Книга Жизнь Гюго, страница 20. Автор книги Грэм Робб

Разделитель для чтения книг в онлайн библиотеке

Онлайн книга «Жизнь Гюго»

Cтраница 20

Все похоже на счастливый рассказ о выживании в трудных условиях и предполагает, что мальчики отчасти примирились с отцом – во всяком случае, с одной его ипостасью. Однако всплывает одна деликатная проблема, которую Гюго пытался разрешить всю свою молодость. Он находился в сложном положении. Ему приходилось бунтовать против иконоборца, человека, боровшегося с предрассудками. Ему приходилось вести себя благороднее и дисциплинированнее, чем генерал, чтобы иметь возможность смотреть на отца сверху вниз, хотя в то время внизу находился не отец, а он, и отстаивать свою независимость.

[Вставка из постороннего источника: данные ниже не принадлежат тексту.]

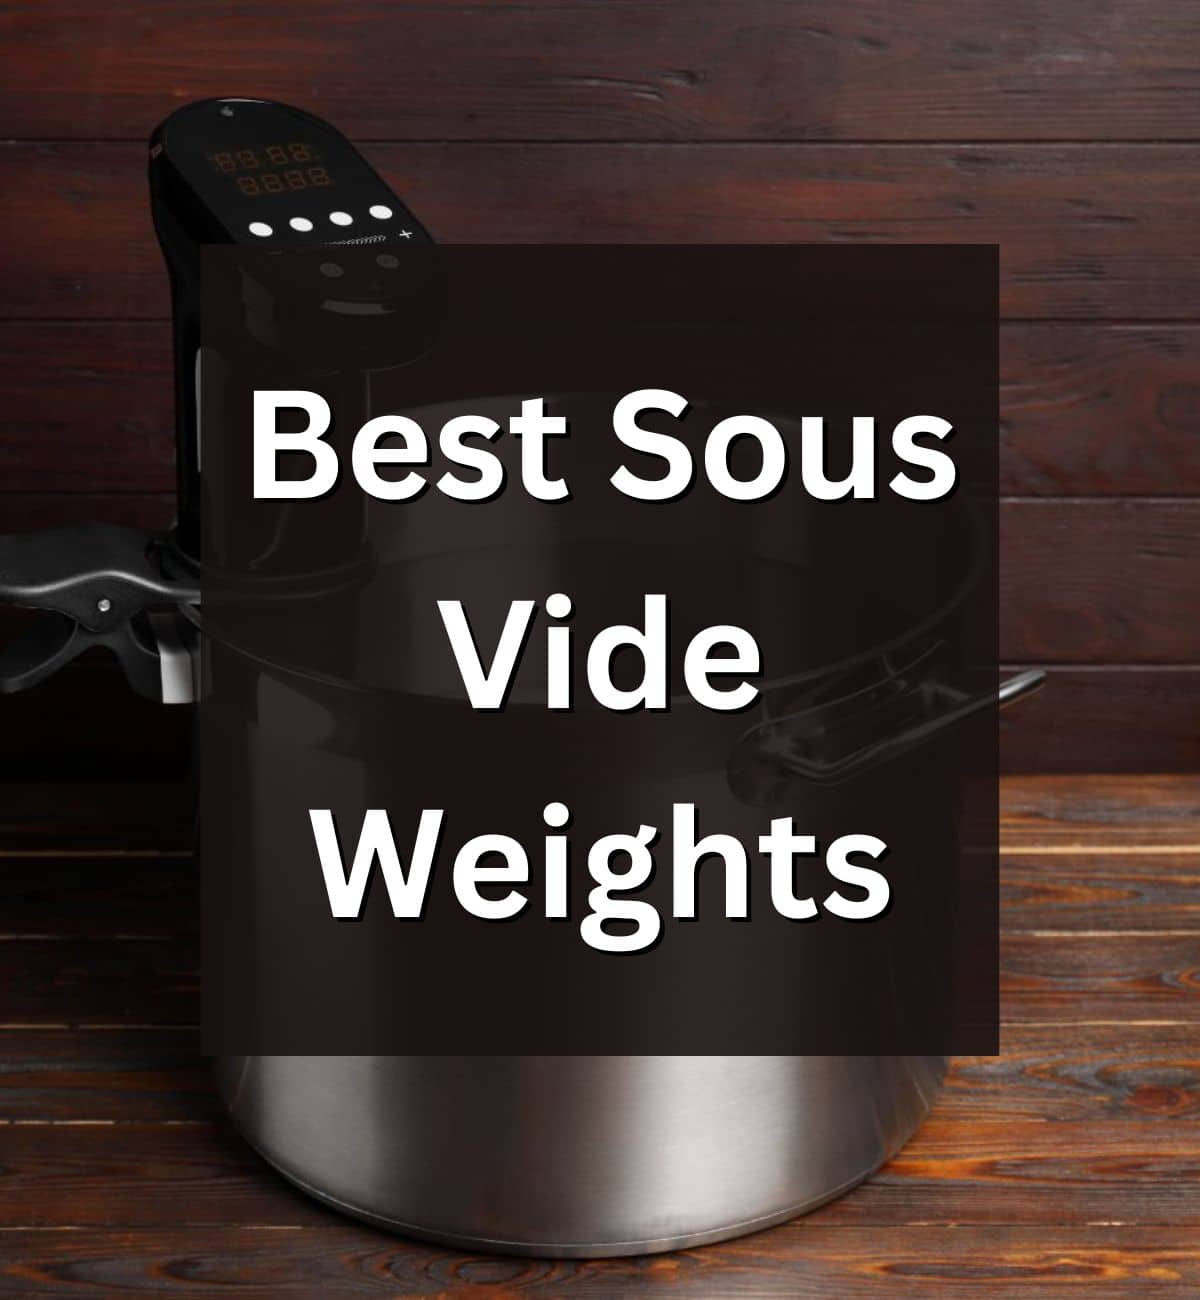 Best Sous Vide Weights - Went Here 8 This

С другой стороны, понятия о справедливости, внушенные матерью, включали безусловное почтение к отцу. Но можно ли почтительно относиться к поколению отцов, обезглавившему короля и, в воображении романтиков, убившему Бога?

Гнев, который невозможно было излить на отца, обрушивался на школьную математику – «ужасный ряд иксов, игреков», к которому его приковали по распоряжению генерала {146}. Согласно архивам коллежа Людовика Великого, Гюго получал отличные оценки по философии, геометрии и физике, но ни разу не отличился в математике {147}, чему, похоже, втайне радовался. В сильно пожилом возрасте он хвастался редкими способностями к математике, которые позволяли ему получить верные ответы способами, неведомыми его учителям; он выводил решения «на редкость изящно и симметрично» {148}. Однажды он подсчитал, «до сотых долей», сколько понадобится лошадей, чтобы сдвинуть Землю с орбиты {149}. В пансионе Кордье именно это его умение приводить четкие и красивые доказательства вызывало стойкое неприятие. Математические формулы были «гидрами, каждая со своей ужасной тайной, которые сидели на корточках на вялом пьедестале неясности». Теоремы – еще один яркий образ, с помощью которого Гюго связывал свой разум с объективной истиной, – «были привязаны свинцовыми грузами к ногам мрачного ныряльщика» {150}.

Двусмысленные метафоры свидетельствуют о своего рода умственной аллергии к миру фактов, где «в безжалостной атмосфере правит доказательство». По натуре он предпочитал блуждать в чаще образов, которые в конечном счете отклоняли решающие доказательства. Огромное любопытство соединялось в нем с огромным желанием не знать. Приятные воспоминания о математике связаны лишь с одним учителем из коллежа Людовика Великого, который, проведя час в расчетах, дошел до знака бесконечности и остановился: ∞. Гюго называет этот символ очками, которые сидят на носу мыслителя {151}. Они прекрасно подходят для взгляда вдаль, но для того, что находится рядом, – все равно что шоры.


К счастью, в самом начале школьной жизни Гюго обнаружил прекрасное орудие защиты: французское стихосложение. Оно стало его самым большим достижением в образовании; он уверял, что этому предмету ему не надо было учиться. Оно просто взошло в его мозгу, со всеми своими правилами {152}.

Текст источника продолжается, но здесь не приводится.